Simultaneous removal of ciprofloxacin and Cr (VI) from contaminated water by polymer-supported nanoscale zero-valent copper: Performance and mechanism

Abstract

Coexistence of organic compounds and heavy metals in aquatic environments is a widespread problem. In this study, the applicability of resin-supported nano zero-valent copper (nZVC@D201) for the simultaneous removal of ciprofloxacin (CIP) and Cr (VI) was systematically investigated. nZVC with sizes of 10–20 nm was uniformly dispersed on the resin using the ion exchange-liquid phase reduction method. The CIP and Cr (VI) removal rates of the nZVC@D201 composite were 78.68% and 94.98%, respectively. Practicability experiments of nZVC@D201 exhibited high efficiency even after five cycles and a generalized removal capacity for different pollutants.

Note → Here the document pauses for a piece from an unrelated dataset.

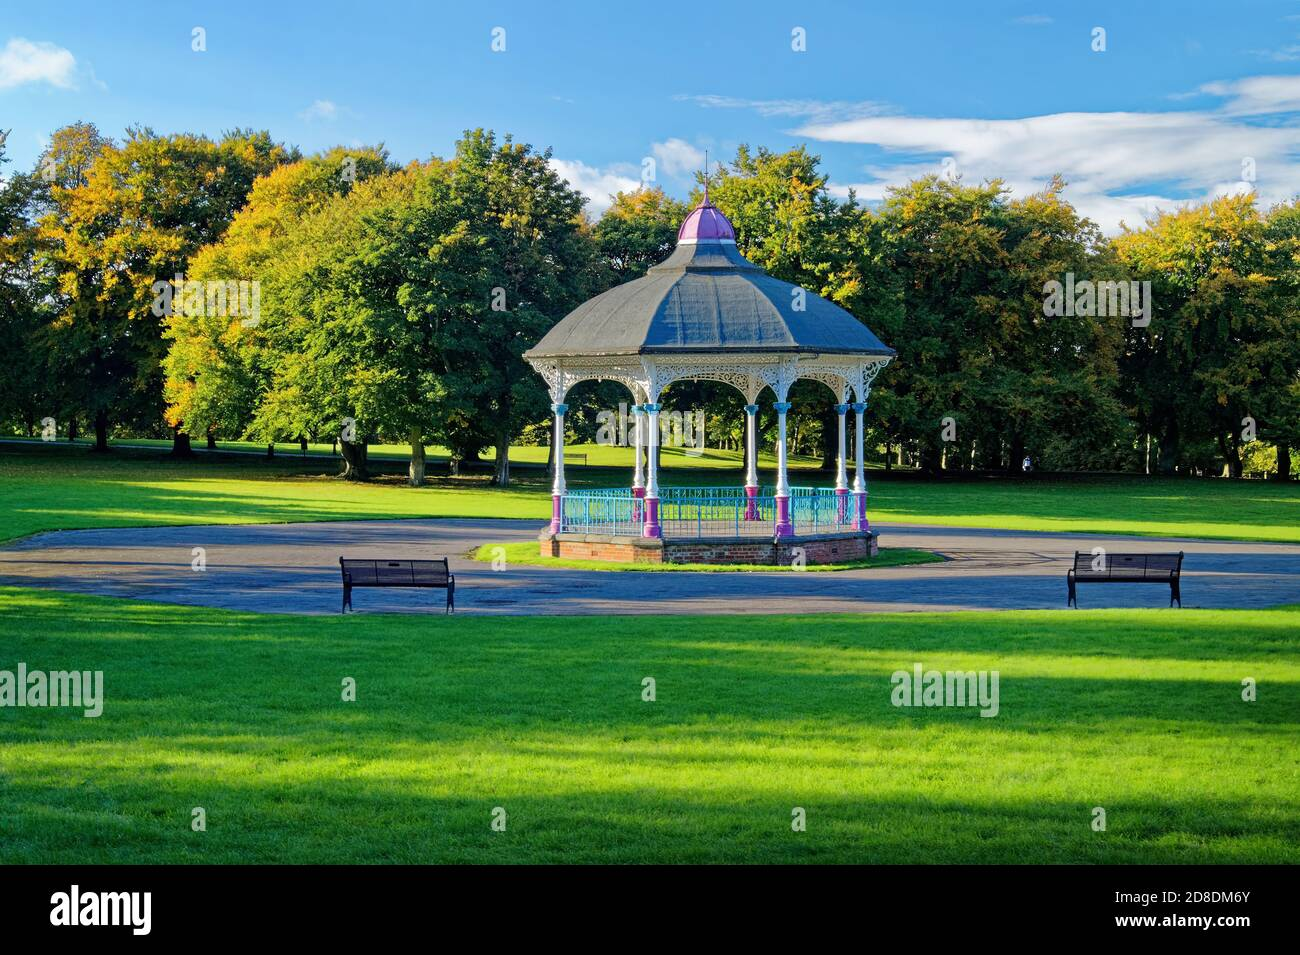 Regno Unito, South Yorkshire, Barnsley, Locke Park Bandstand Foto Stock

Combined with electron spin resonance (ESR), free radical quenching experiments, X-ray photoelectron spectroscopy (XPS), and liquid chromatography-mass spectrometry (LC-MS), a possible reaction pathway and mechanism for CIP oxidation and Cr (VI) removal were proposed. Cr (VI) was removed through a comprehensive process including adsorption/coprecipitation and reduction, whereas CIP was effectively degraded by hydroxyl radicals (·OH) produced from the Fenton-like reactions, producing a series of intermediates. These results demonstrate that nZVC@D201 is a promising alternative composite for the simultaneous removal of Cr (VI) and the degradation of CIP from wastewater.